Die Stadt zeigt in ihrer Antwort auf, wo die Probleme liegen. Die Sperrung der Frohburgstrasse bringe nur wenig, verursache aber massive Verkehrsprobleme. Hauptsächlich weil für Rettungsfahrzeuge kein Durchkommen mehr wäre. Auf die Frage, ob die Fahrgeschäfte genug Platz hätten, geht der Stadtrat in seiner Antwort nicht ein. Die Fläche würde nur ein eingeschränktes und unattratives Portfolio von Fahrgeschäften zulassen, heisst es lediglich.

Mario Stübi sagt: «Die Begründung ist sehr dünn. Auf den Mehrwert, welcher die Frohburgstrasse bringen würde, wird nicht eingegangen.» Er macht ein Beispiel: «Eine Teilsperrung wäre auch möglich.

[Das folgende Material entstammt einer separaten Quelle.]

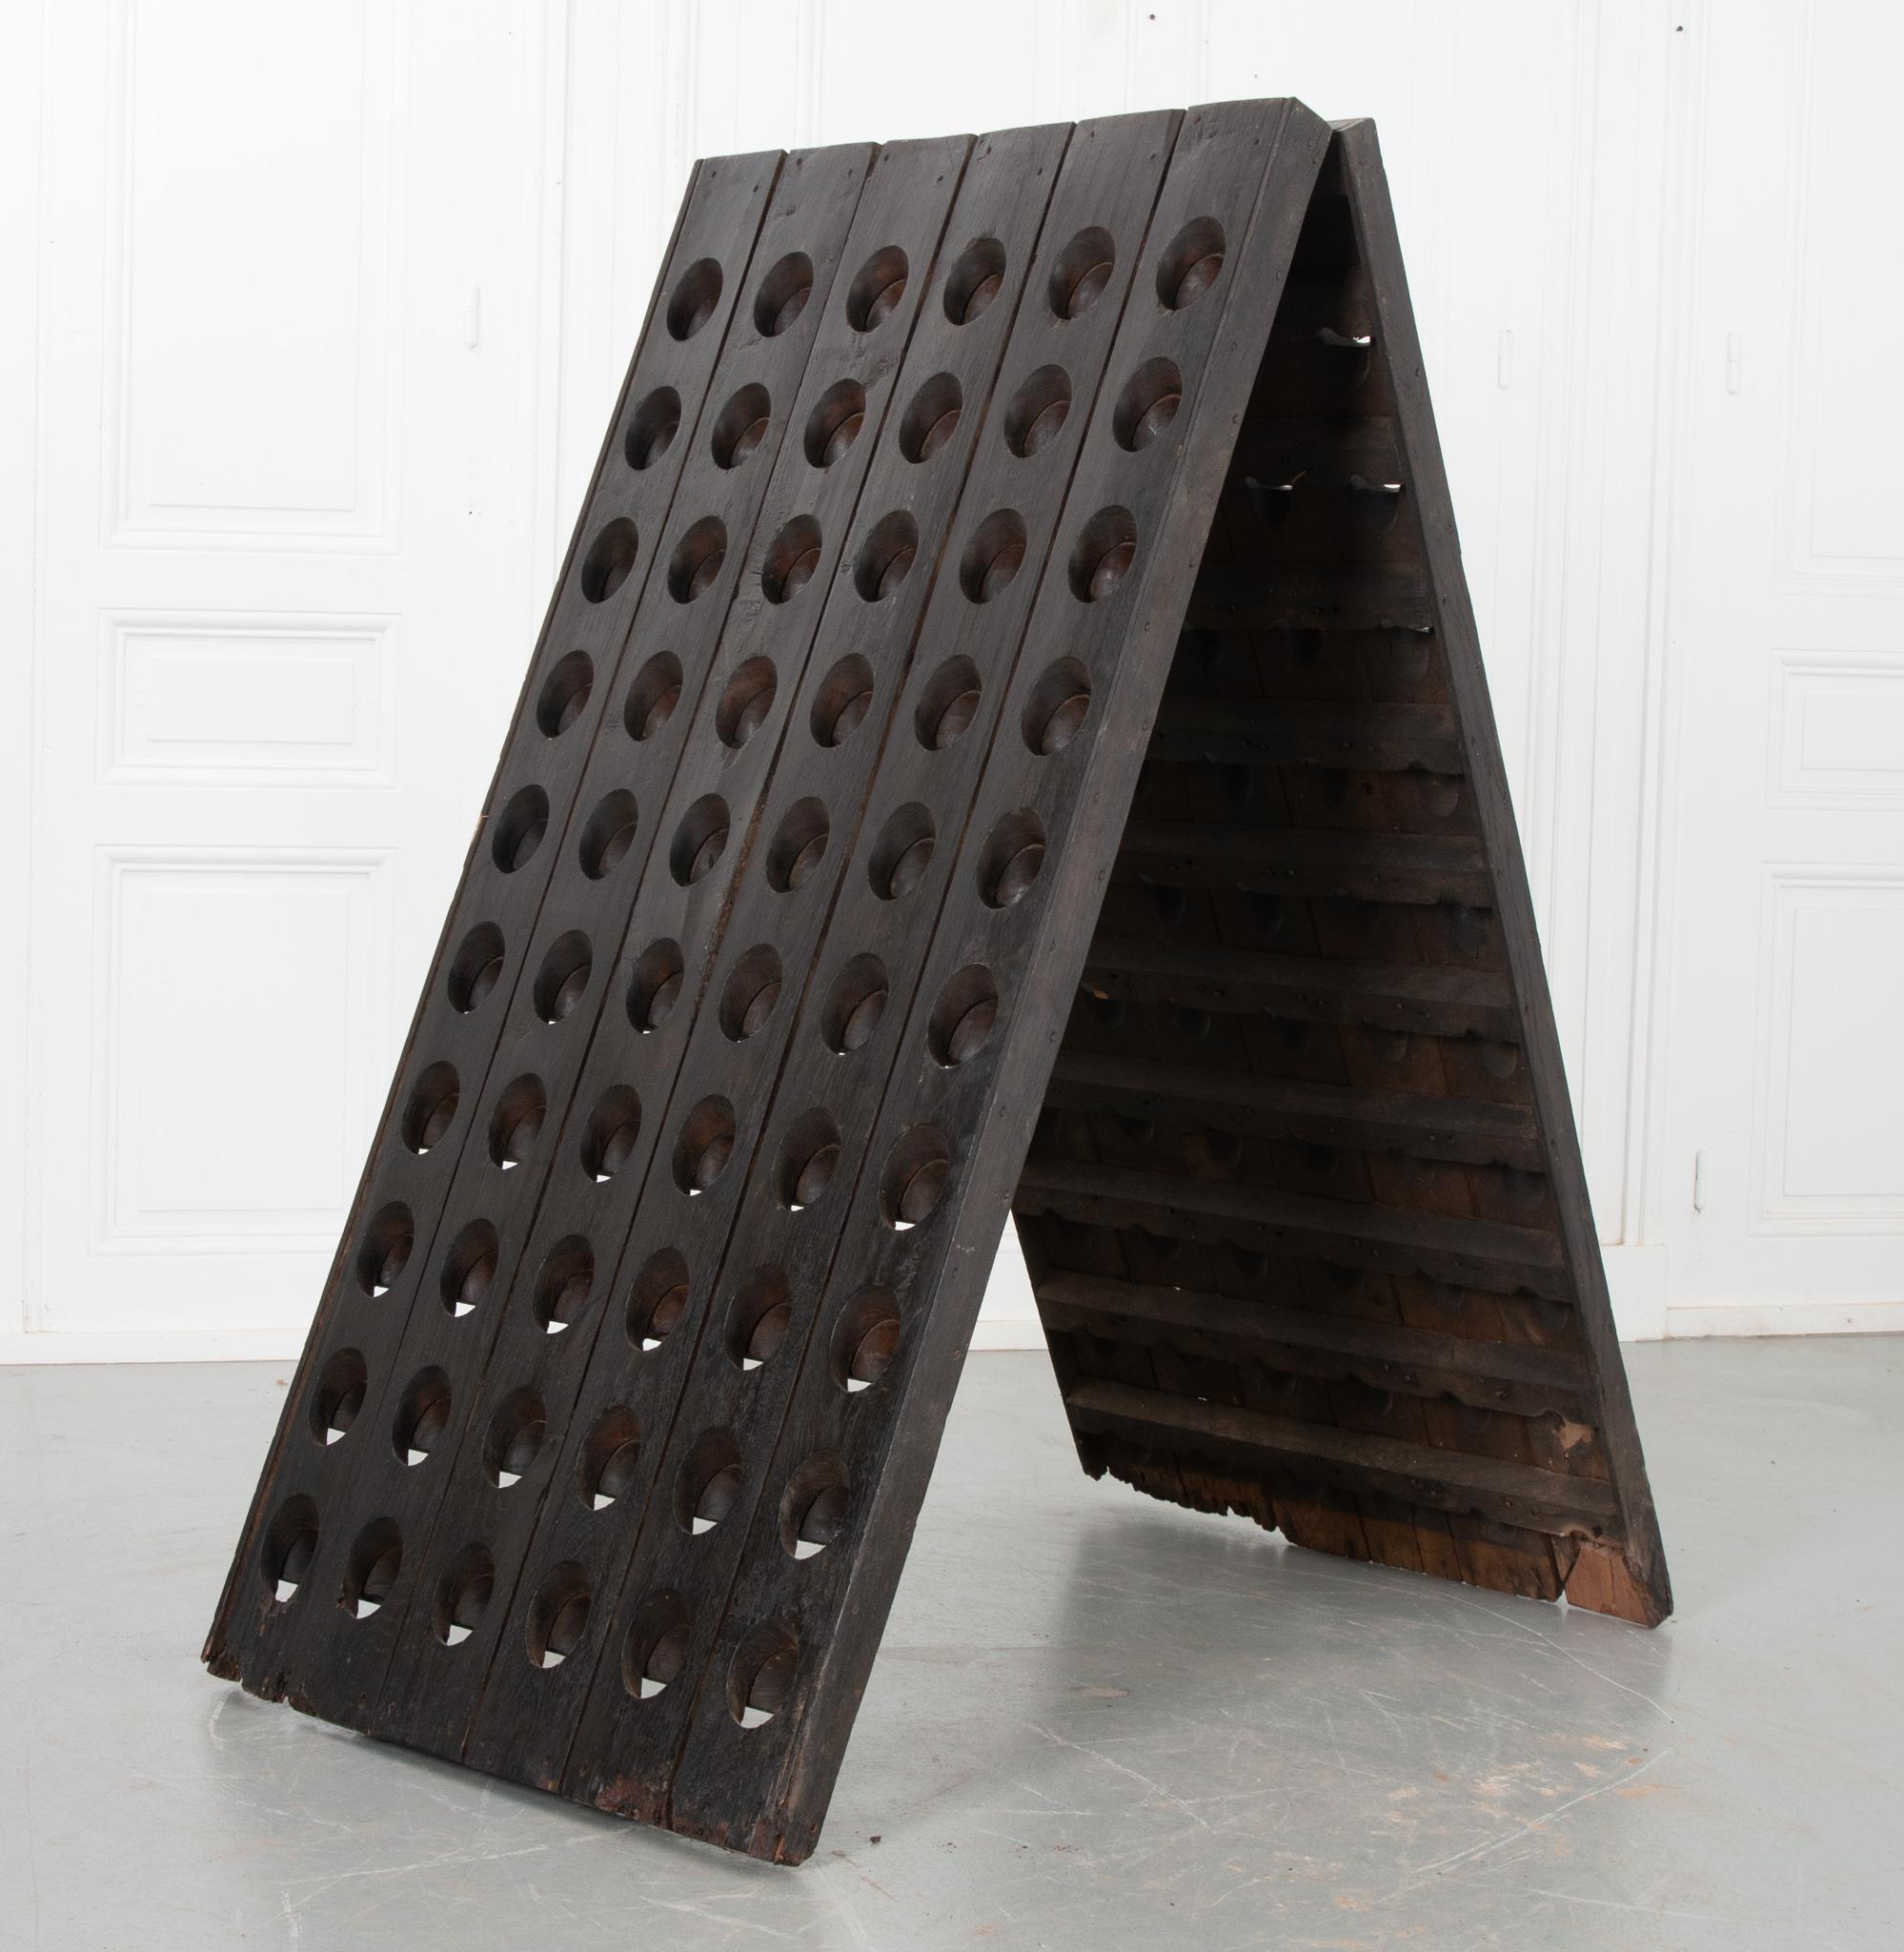 This is a riddling rack, a standing wooden A-frame rack that’s used in the process of making champagne. It has 120 holes that secure the bottles by the neck at an angle. This is one of the best ways to display a large selection of wine bottles. The

Dass dies der Stadtrat nicht aufnimmt, überrascht mich.»

Määs wird weiterhin für Diskussionen sorgen

Eins ist sonnenklar: Die Stadt wird sich noch mehrfach mit der Thematik auseinandersetzen. Nicht zuletzt wegen der Määs-Initiative, welche im Mai eingereicht worden ist. Diese verlangt, dass die Määs auf dem Inseli bleibt (zentralplus berichtete). Mario Stübi begrüsst diese Initiative: «Auch dank des Volksbegehrens wird die Määs ein Thema bleiben. Ich finde es wichtig, dass dies debattiert wird.» 

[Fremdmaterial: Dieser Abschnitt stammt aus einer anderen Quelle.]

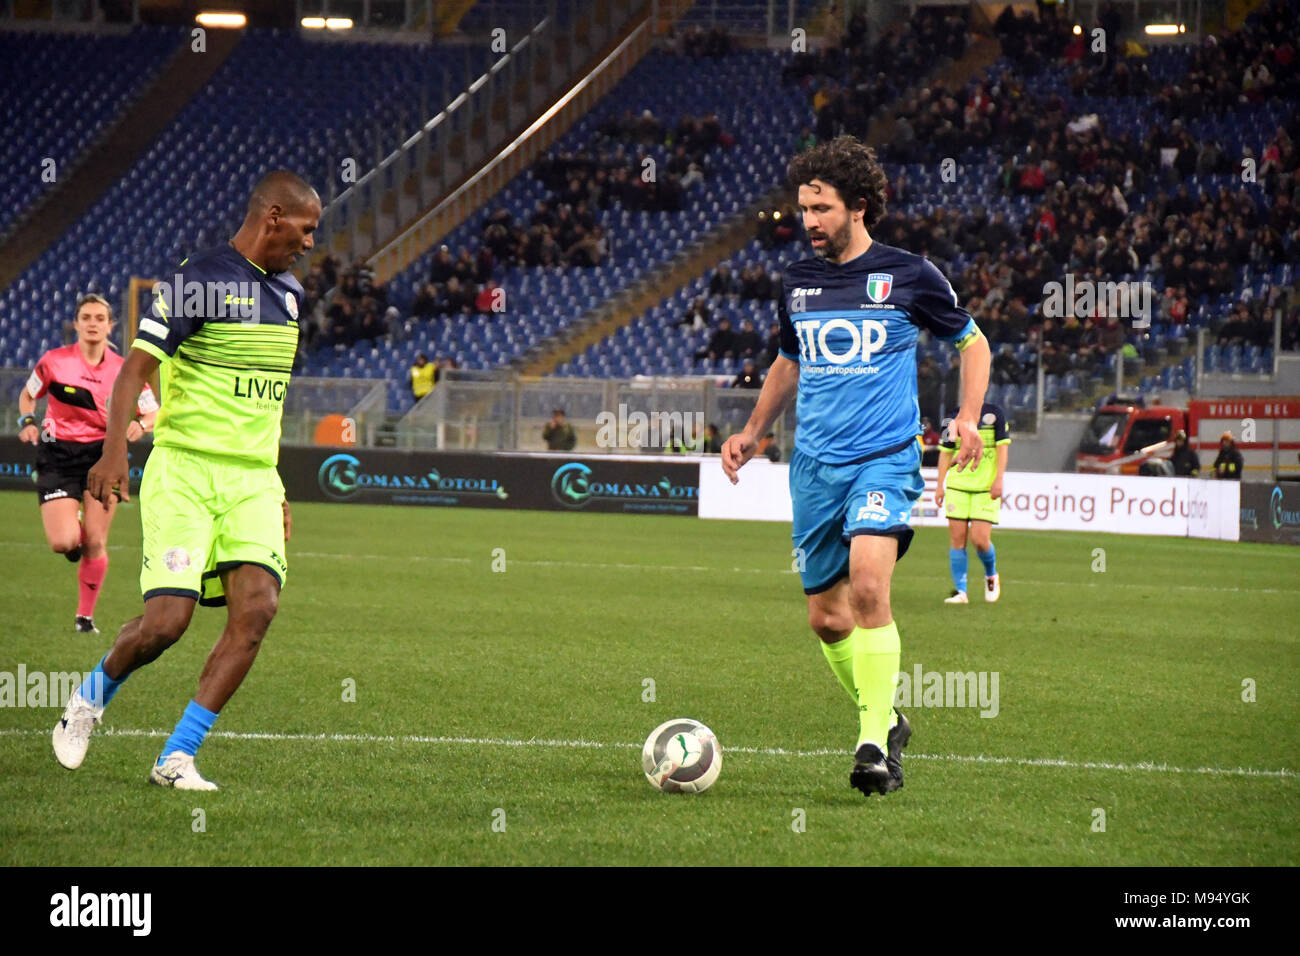 Rome Italy 21 March 2018 Stadio Olimpico - the mundial matchL, ITALY REST OF THE WORLD,, Damiano Tommasi and Aldair Credit: Giuseppe Andidero/Alamy Live News Stock Photo

Er stört sich, dass sich die Stadt viele Projekte mit der Begründung abschmettert, dass sich mit dem Jahrhundertprojekt Durchgangsbahnhof eh alles ändert. «Auch die Velo-Unterführung wurde von der Stadt beerdigt. Auch dort begründete dies der Stadtrat mit dem Durchgangsbahnhof.»

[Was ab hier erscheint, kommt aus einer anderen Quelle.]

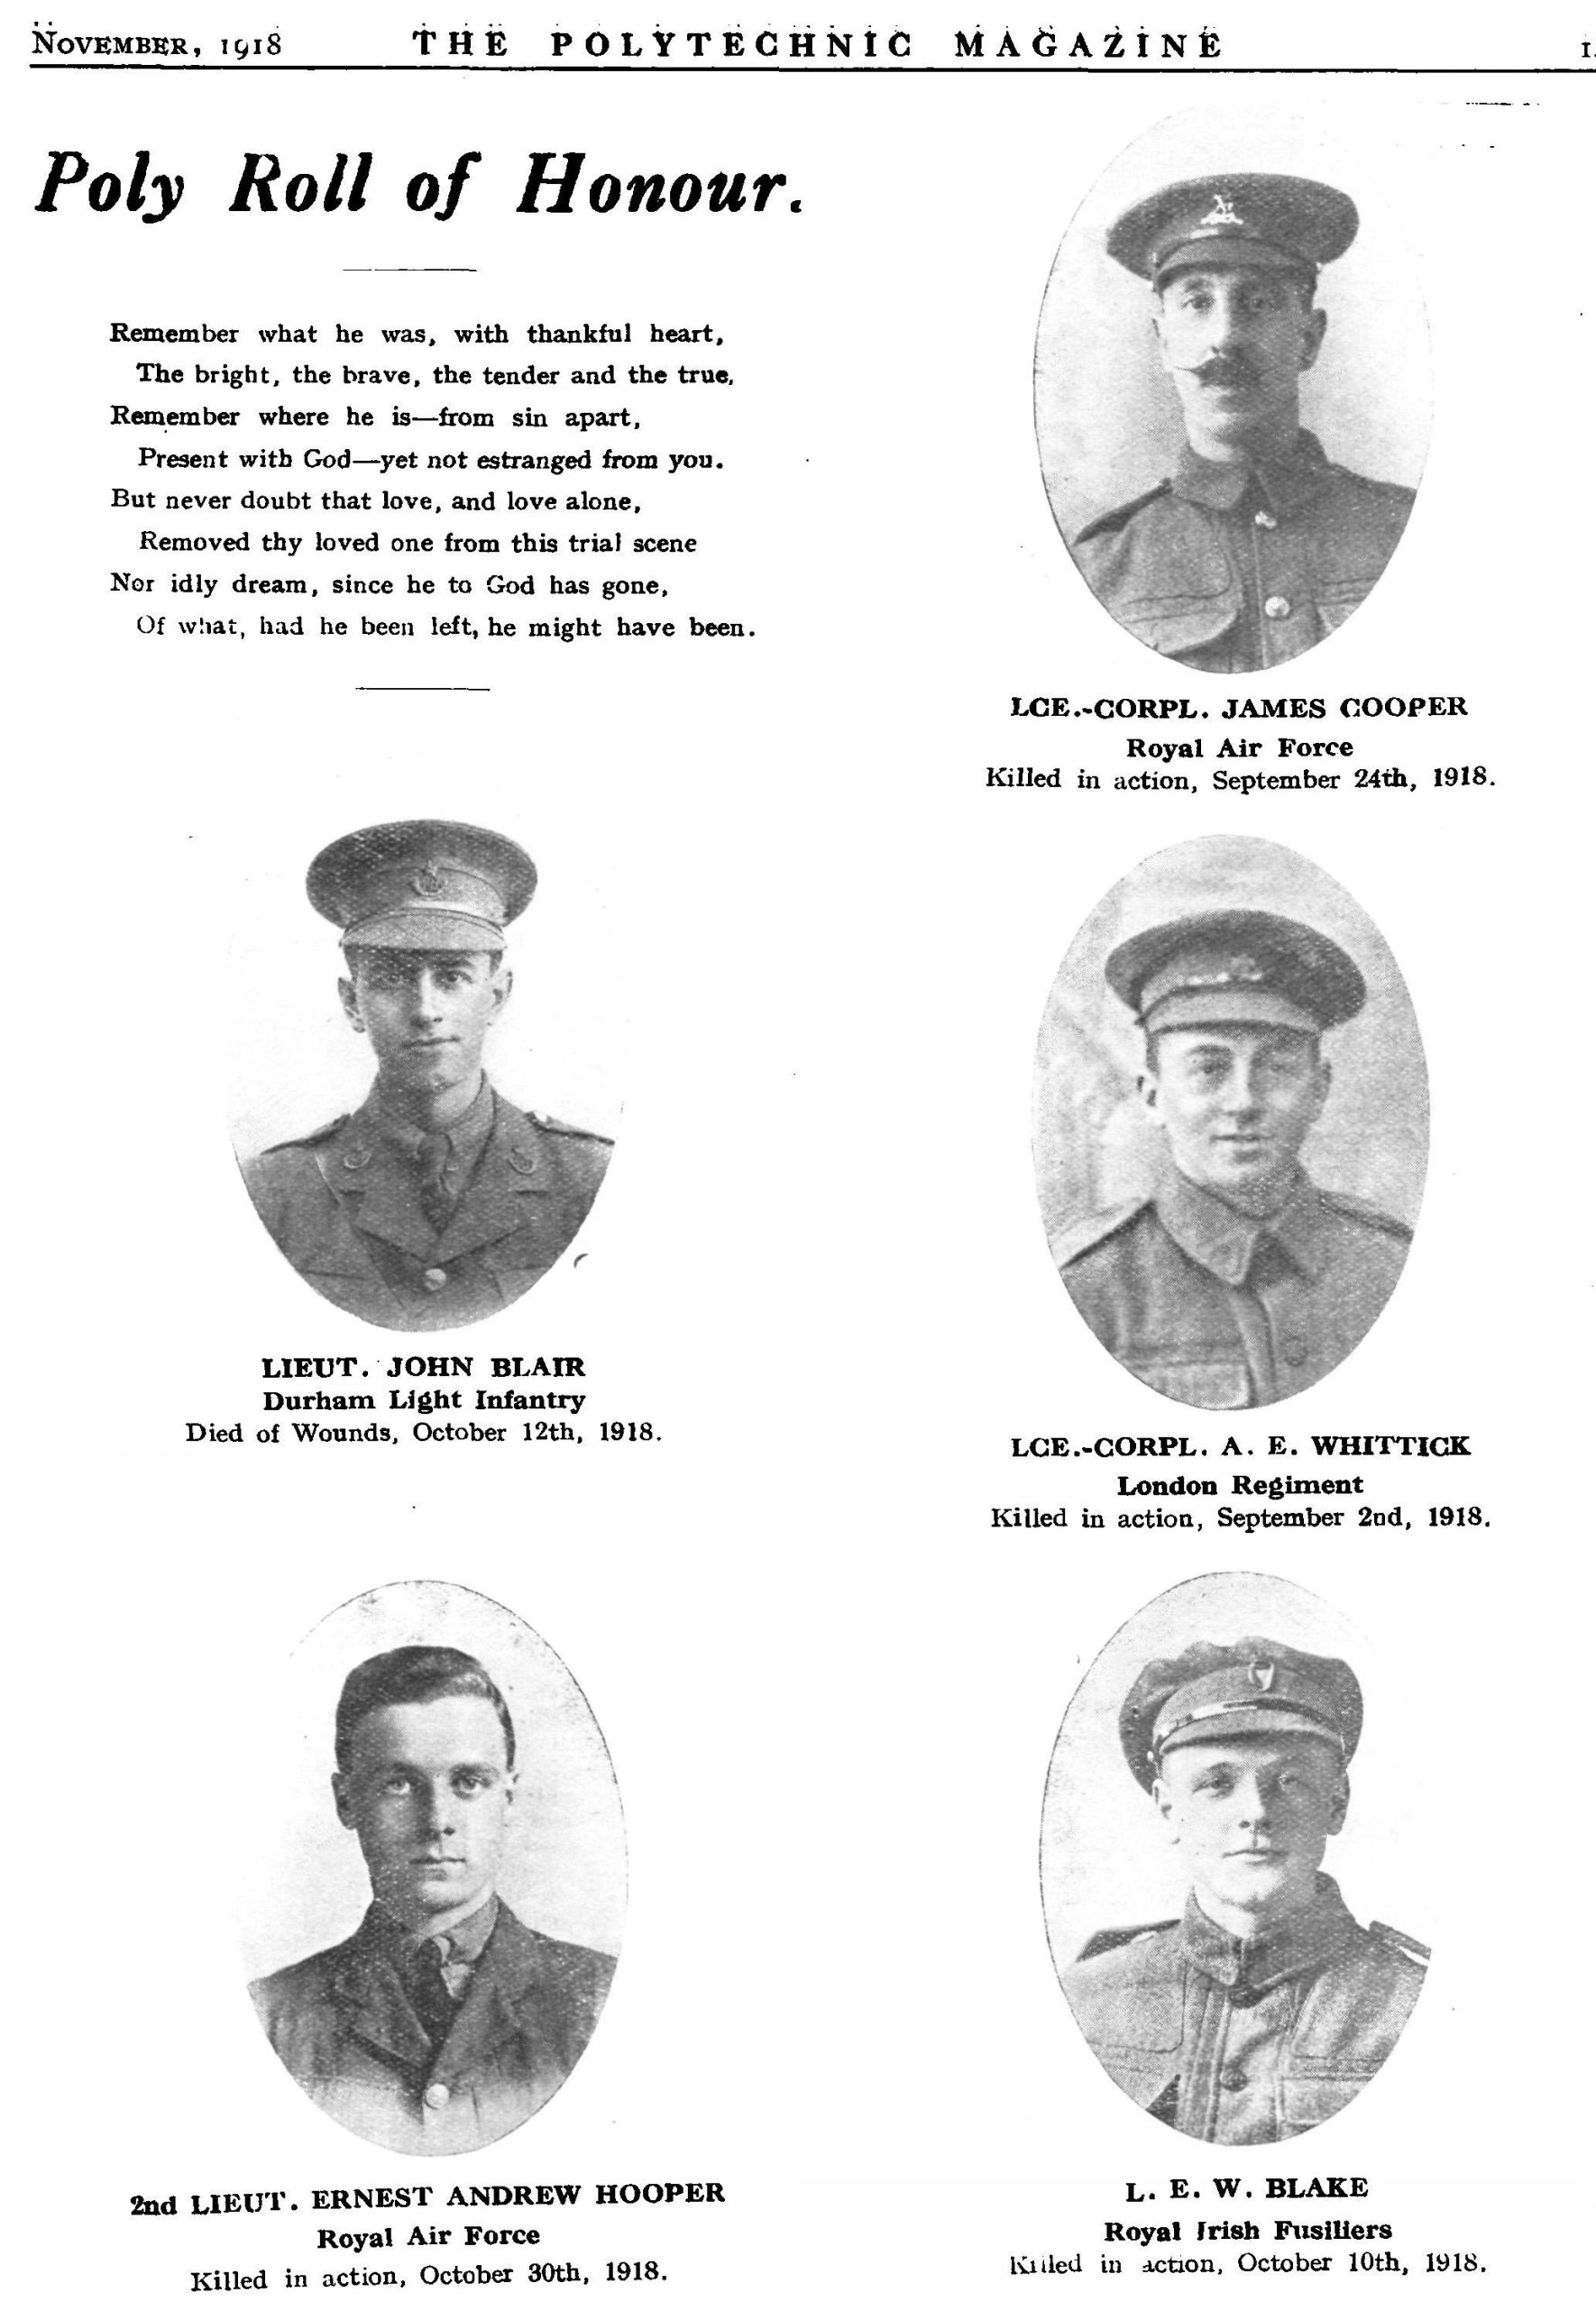 Poly Roll of Honour page from the Polytechnic Magazine featuring photos and brief text about soldiers, November 1918

Die Initiative «Lebendiges Inseli statt Blechlawine» wurde in der Stadt zwar damals angenommen. Allerdings im Glauben, dass die Määs auch mit der Umsetzung vor Ort bleiben kann (zentralplus berichtete). Eine Machbarkeitsstudie liess diese Träume allerdings platzen (zentralpus berichtete). Der Stadtrat muss nun besonders gut auf den Willen der Bevölkerung hören. «Der Stadtrat braucht nun ein gutes Gespür für die Bevölkerung», sagt Mario Stübi.